> What's not addressed is that this may not be an advance over Relational databases
It's not. The relational model is much better, for many applications.
BUT.
The missing context is, the relational model cannot be sanely scaled out across multiple machines. Replication mostly works with some pain, but scaling writes is just a nightmare -- and what you have to do to partition your data across multiple rdbms nodes means giving up all that relational goodness. So what you end up with is neither of {easily scaled, relational}.
So if you can't have a scalable rdbms, the next best thing is a scalable key/columnfamily dbms. Something like Cassandra. Which, as a bonus, gives you significantly better per-node performance on modern hardware.
I'm curious: how easily does "easily scaled" mean? How much advance planning needs to be done about the eventual size of a cassandra cluster?

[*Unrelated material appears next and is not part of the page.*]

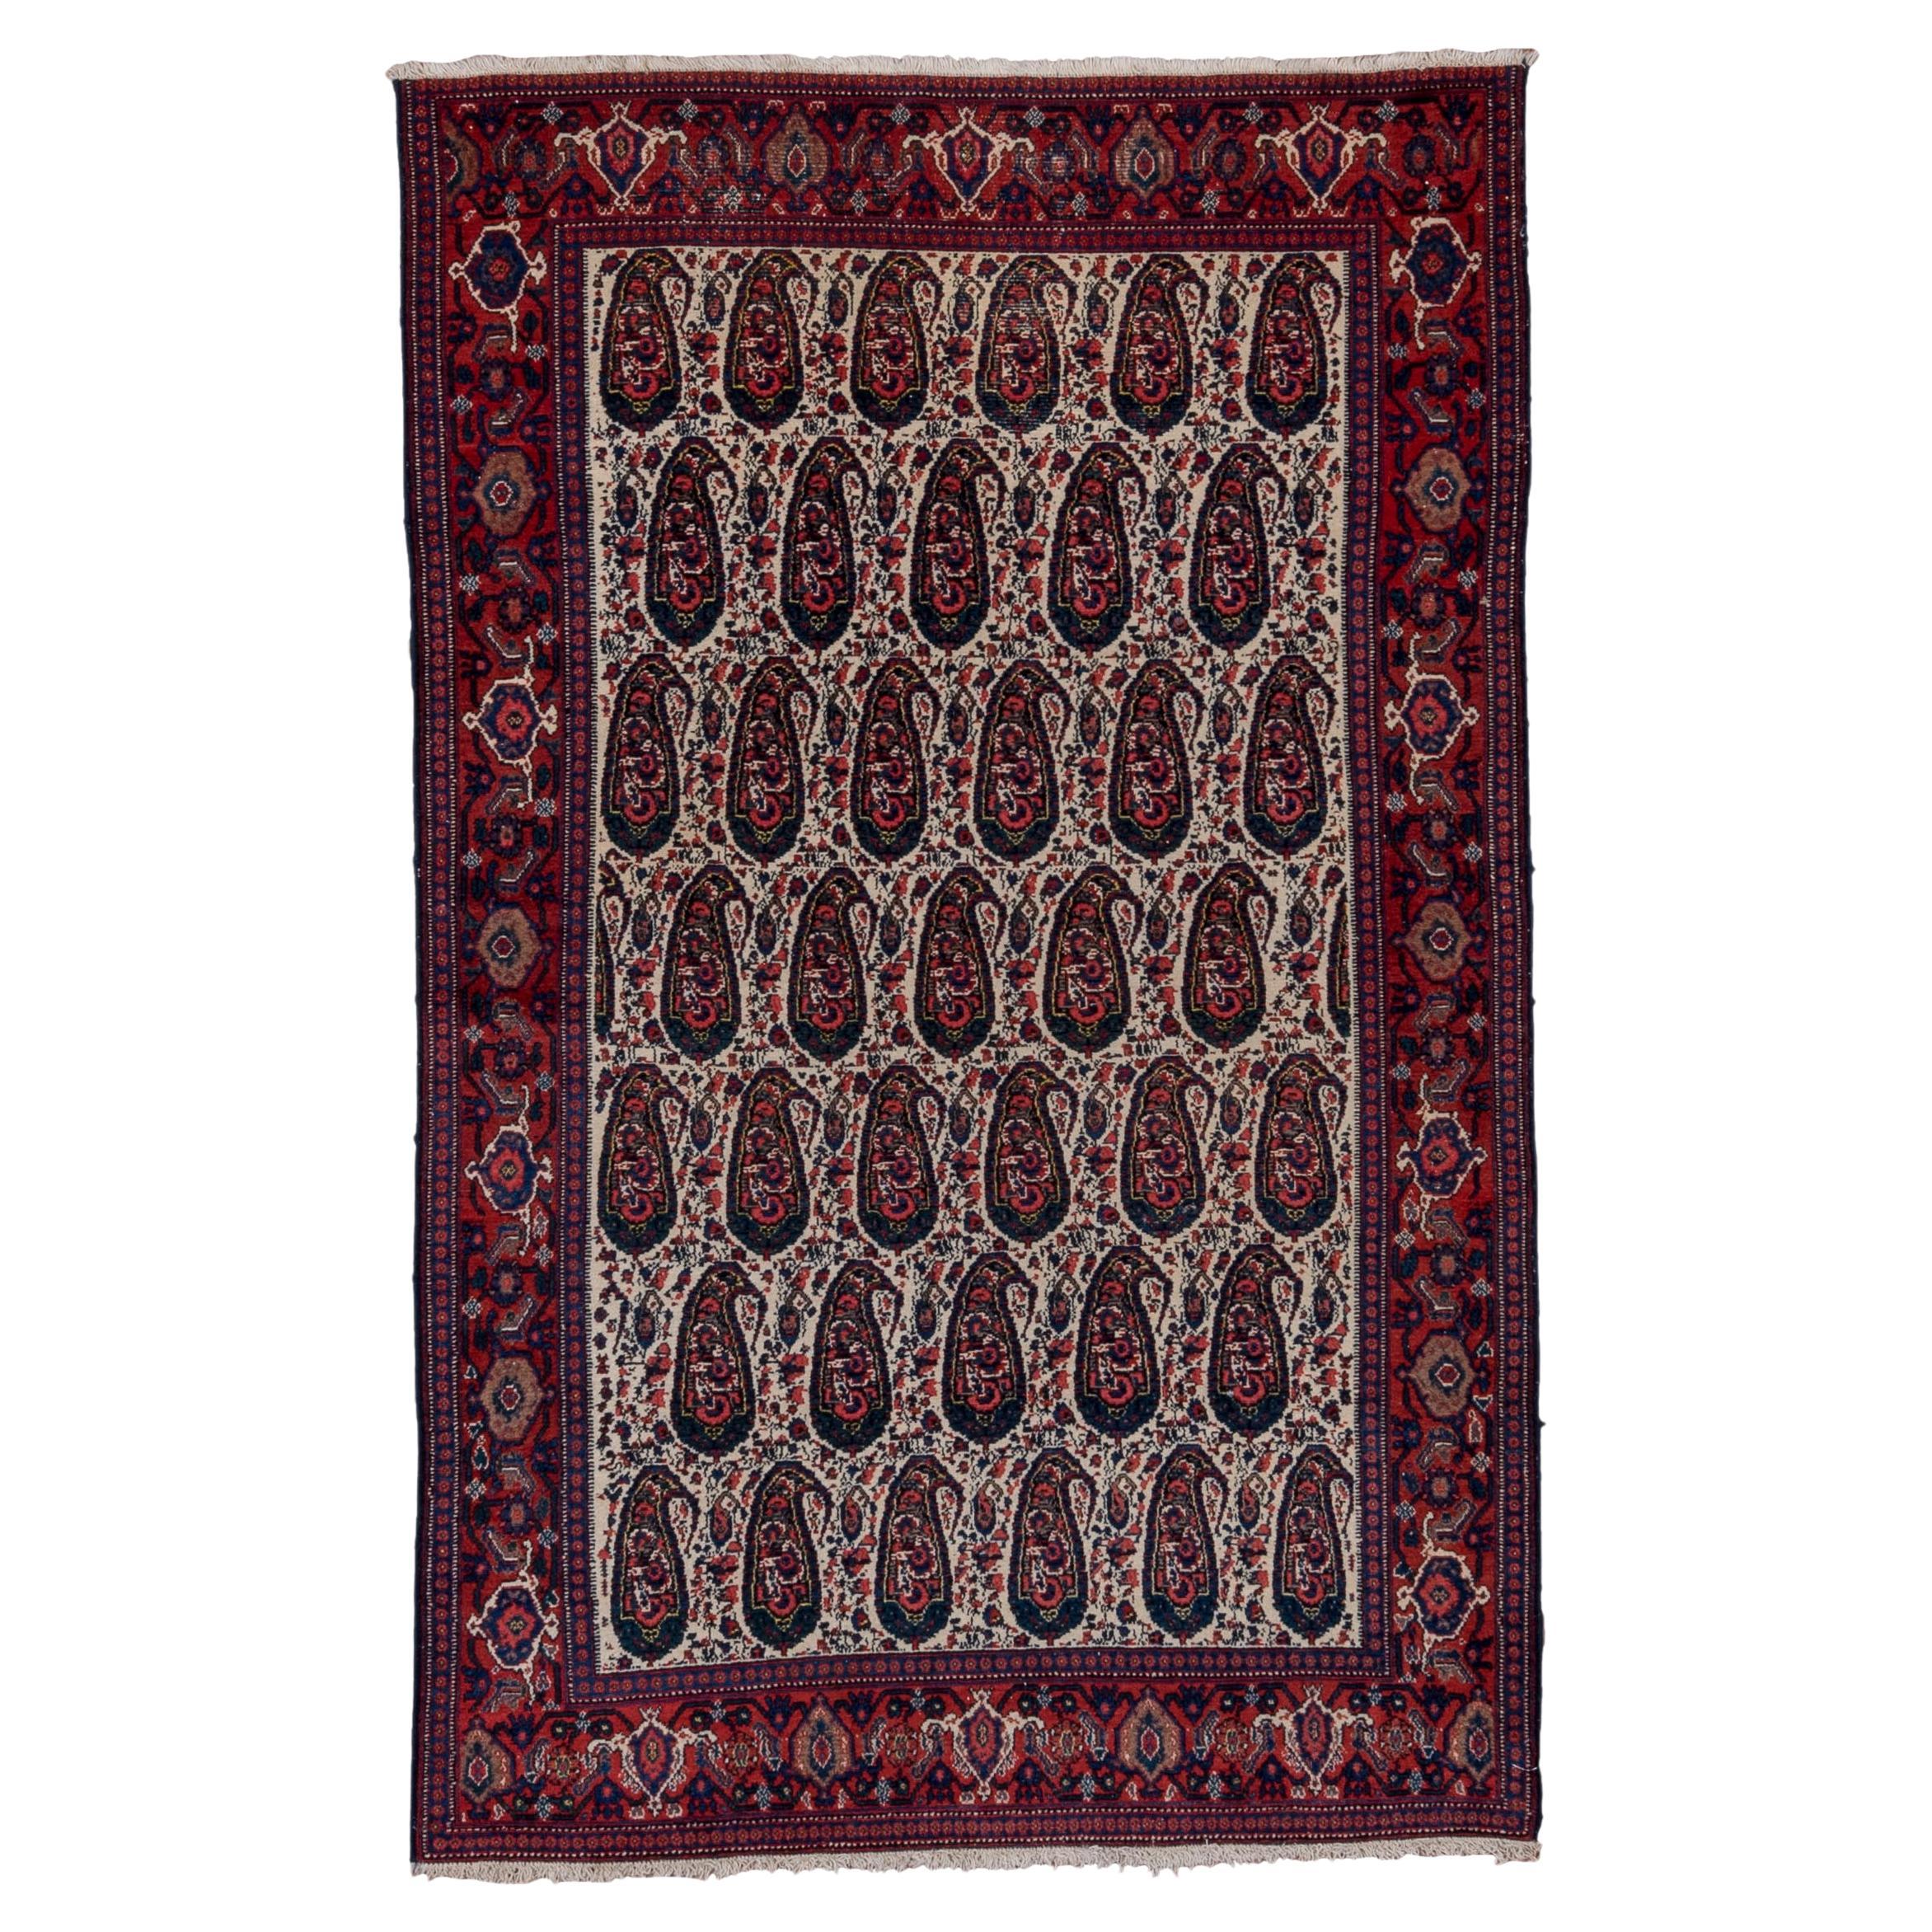 Senne Persian Antique Rug in Various Purple Shades

I think I can see how you can add machines when you need more capacity, but what about when you don't need all that capacity anymore? How do you go about removing machines from the cluster, and how does all of the nicely scaled out content get rebalanced when you do?
> what about when you don't need all that capacity anymore
It's not really an interesting use case... For the same reason that in every language I can think of, hashtables grow as you insert items but they don't shrink as you remove them, because if it got to size X once, it will probably do so again in the near future.
That said, decommissioning nodes will fall out naturally from our work on automatic load balancing for the 0.5 release.
You can update at the column granularity, so having a row of 100k columns is fine since you don't have to rewrite the whole thing to update a small part. (Cassandra rows have a sparse list of columns, so you can treat a row as a sorted set, not just a fixed-size vector. The model Digg describes in another article uses this: http://blog.digg.com/?p=966)
Columns are also indexed so you can retrieve from large rows efficiently too.
Finally Cassandra also adds the concept of a SuperColumn, which is a column that contains other columns.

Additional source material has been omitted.